Unnamed: 0,Customer_ID,total_profit
0,TC-20980,8981.3239
1,RB-19360,6976.0959
2,SC-20095,5757.4119
3,HL-15040,5622.4292
4,AB-10105,5444.8055


## 4) Challenge prompts (author your own)
Write **your own precise prompt** in a text cell (or comment) for each question below, then get SQL from Gemini and run it in the provided code cells.

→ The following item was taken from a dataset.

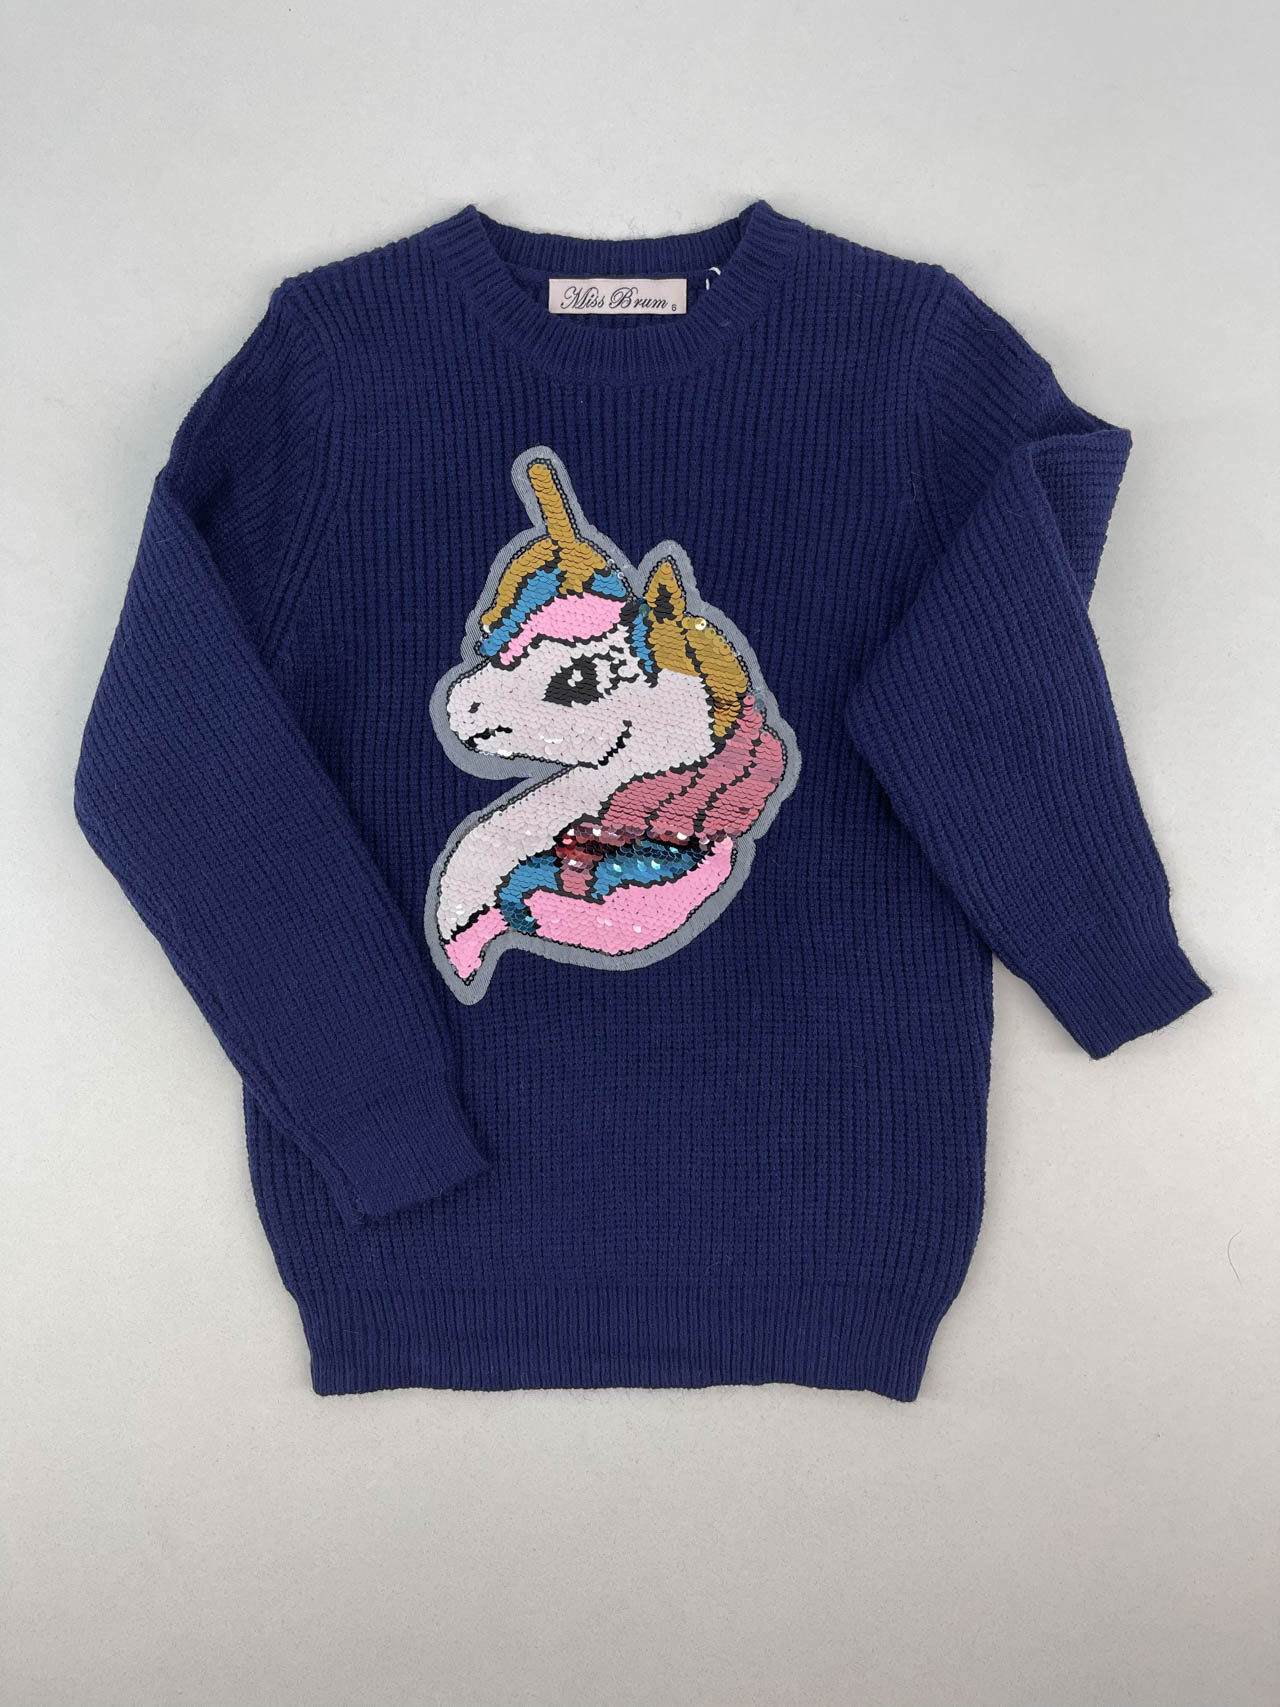 Unicorn knitted blouse girl code A185

**Challenge 1:** *What is the **average discount** for products in the **Technology** category sold in the **East** region?*  
**Challenge 2:** *How many **unique customers** has each **Segment** (Consumer/Corporate/Home Office) served?*

**Challenge 1:**
```
# TASK: Generate a BigQuery SQL query.
# CONTEXT: The table is '{PROJECT_ID}.{DATASET}.{TABLE}'. The category identifier is "Technology".
# GOAL: Calculate the average discount for products in the category "Technology" sold in the region "East".
```

In [37]:
sql_str = f"""
SELECT AVG(Discount) AS avg_discount
FROM `{PROJECT_ID}.{DATASET}.{TABLE}`
WHERE Category = 'Technology' AND Region = 'East'
"""

df_ch1 = bq.query(sql_str).to_dataframe()
display(df_ch1)

# Display the result in the requested format
avg_discount_value = df_ch1['avg_discount'].iloc[0]
print(f"The average discount for category 'Technology' in region 'East' is {avg_discount_value}")

Unnamed: 0,avg_discount
0,0.143364


The average discount for category 'Technology' in region 'East' is 0.14336448598130852


**Challenge 2:**
```
# TASK: Generate a BigQuery SQL query.
# CONTEXT: The table is '{PROJECT_ID}.{DATASET}.{TABLE}'. The identifier is "Segment".
# GOAL: Count, how many 'customer_id' have been served for segment 'Consumer' and how many have been served for segment 'corporate' and for segment 'home_office'. Count each segment individually.

In [38]:
sql_str = f"""
SELECT Segment, COUNT(DISTINCT Customer_ID) AS unique_customers
FROM `{PROJECT_ID}.{DATASET}.{TABLE}`
GROUP BY Segment
ORDER BY unique_customers DESC
"""

df_ch2 = bq.query(sql_str).to_dataframe()
display(df_ch2)

Unnamed: 0,Segment,unique_customers
0,Consumer,409
1,Corporate,236
2,Home Office,148


## 5) Reflection (DIVE mindset)
- **Discover:** What did you find first?  
I learned how to connect Colab to BigQuery and pull data using SQL. The first query showed us all the unique product sub-categories in the West region.
- **Investigate:** What alternate query or filter changed the story?  
Going through the different questions ("What", "How many", "Who is best") really showed how changing the SELECT, WHERE, GROUP BY, and ORDER BY clauses can totally change the results. For instance, switching from just listing things to counting them with COUNT(*) and GROUP BY gave us a completely different view of the data, like seeing which ship mode is used the most.
- **Validate:** Where could the AI‑generated SQL be wrong or incomplete? How did you check?  
We saw errors with column names and the table name. The key to validating was running the queries and looking really closely at the error messages. BigQuery's error messages were actually super helpful in pointing out exactly where the syntax was wrong or if a column/table wasn't found. Comparing the generated SQL to the table schema (which we saw a preview of) and the error messages helped figure out what needed fixing.
- **Extend:** Which stakeholder could use your results tomorrow? What action should they take?
The list of sub-categories in the West region could go to the West regional manager – they could use it to see if they're stocking the right products or if there are any gaps. The "How many orders by ship mode" data could be useful for the logistics or operations team to understand shipping patterns and maybe optimize costs. And the "Top 5 most profitable customers" is definitely something the sales or marketing team would want. They could use that info to create targeted campaigns or loyalty programs for those high-value customers.

## 6) Save your work to GitHub (pick one of the options)
**Option A (recommended):** In Colab, go to **File → Save a copy in GitHub…** and select your team repo + folder (e.g., `labs/Unit1/`).  
**Option B (CLI, if you know git):**
```bash
# (In Colab) mount Drive, then clone/pull/push as usual with a PAT
# Be careful to NOT store secrets in the notebook.
```
Name the file **`Lab1_AI_Assisted_SQL.ipynb`** and push it to your team repo.